177. Parlement européen - Réglementation concernant les frais et indemnités des députés du Parlement européen - Statut unique des députés européens - Décision de la direction générale des finances du Parlement européen concernant la modification du montant d'une pension d'un ancien député européen - Règle de pension identique - Non-rétroactivité - Principe de sécurité juridique - Violation - Absence



Arrêt du 10 février 2021, Forte / Parlement (T-519/19) (cf. points 95-103)



Arrêt du 5 mai 2021, Falqui / Parlement (T-695/19) (cf. points 81, 82, 84-88, 90-92)

178. Parlement européen - Réglementation concernant les frais et indemnités des députés du Parlement européen - Statut unique des députés européens - Décision de la direction générale des finances du Parlement européen concernant la modification du montant d'une pension d'un ancien député européen - Justification tirée de la poursuite d'un objectif légitime - Violation du principe de proportionnalité - Absence



Arrêt du 5 mai 2021, Falqui / Parlement (T-695/19) (cf. points 100-110)
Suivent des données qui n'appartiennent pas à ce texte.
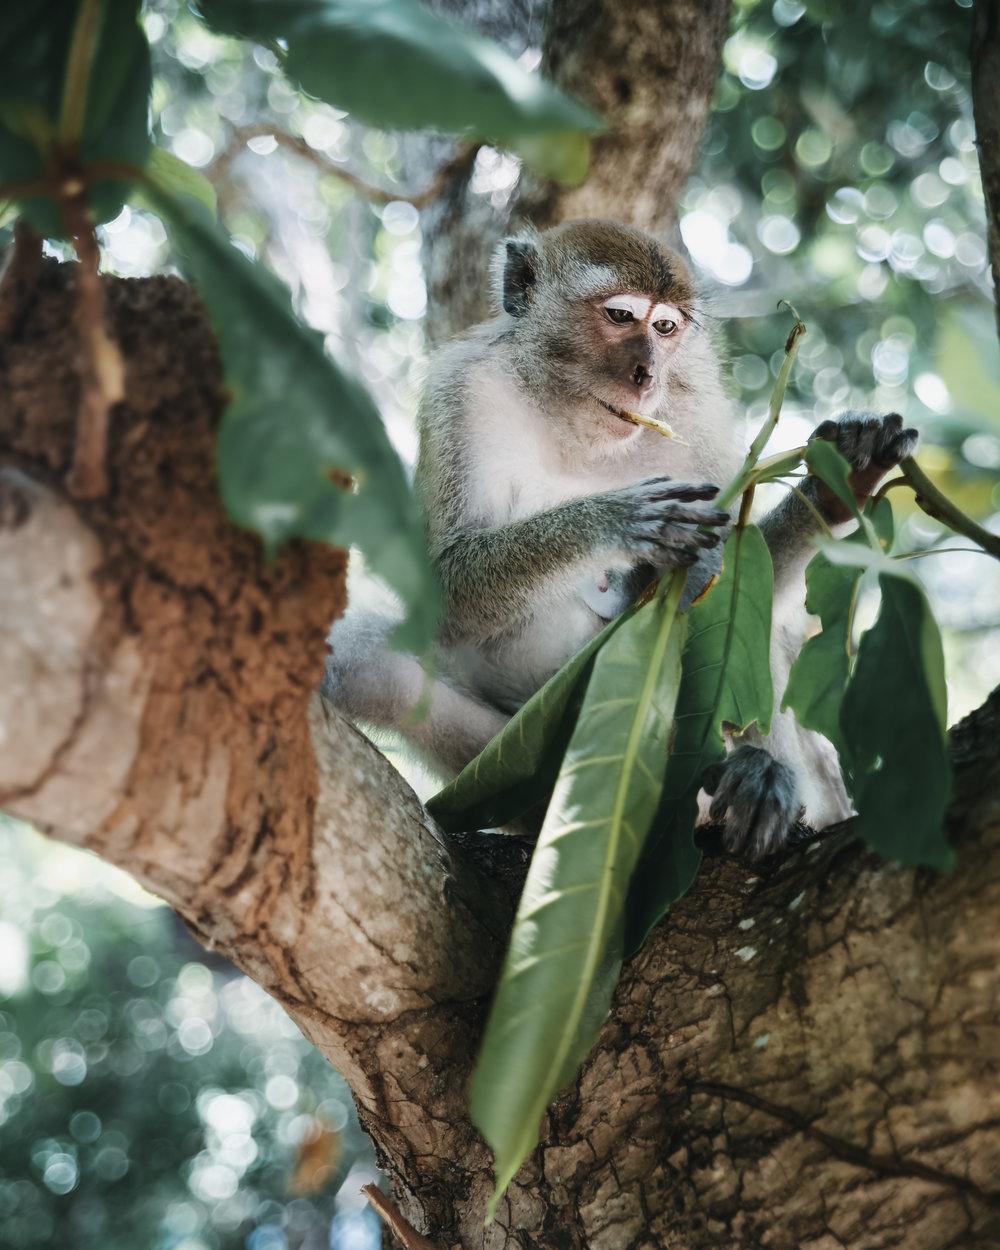 Wildlife monkey bali BY MADS NORDSVEEN

179. Actes des institutions - Décision modifiant la réglementation concernant le régime de pension complémentaire volontaire des députés au Parlement européen - Acte de portée générale - Procédure de réclamation - Inapplicabilité - Préservation du délai de recours contentieux - Absence - Tardiveté du recours - Irrecevabilité



Arrêt du 6 mai 2021, Gollnisch / Parlement (C-122/20 P) (cf. points 65-67)

180. Recours en annulation - Compétence de la Cour - Actes adoptés au titre de l'article 7, paragraphe 1, TUE - Résolution du Parlement européen relative à une proposition invitant le Conseil de l'Union européenne à constater l'existence d'un risque clair de violation grave, par un État membre, des valeurs sur lesquelles l'Union est fondée - Compétence générale pour contrôler la légalité des actes des institutions de l'Union - Portée

Le 12 septembre 2018, le Parlement européen a adopté une résolution{1} relative à une proposition invitant le Conseil de l’Union européenne à constater, conformément à l’article 7, paragraphe 1, TUE{2}, l’existence d’un risque clair de violation grave par la Hongrie des valeurs communes sur lesquelles l’Union est fondée. Cette déclaration a déclenché la procédure prévue à l’article 7 TUE, susceptible d’aboutir à la suspension de certains droits résultant de l’appartenance de l’État membre concerné à l’Union.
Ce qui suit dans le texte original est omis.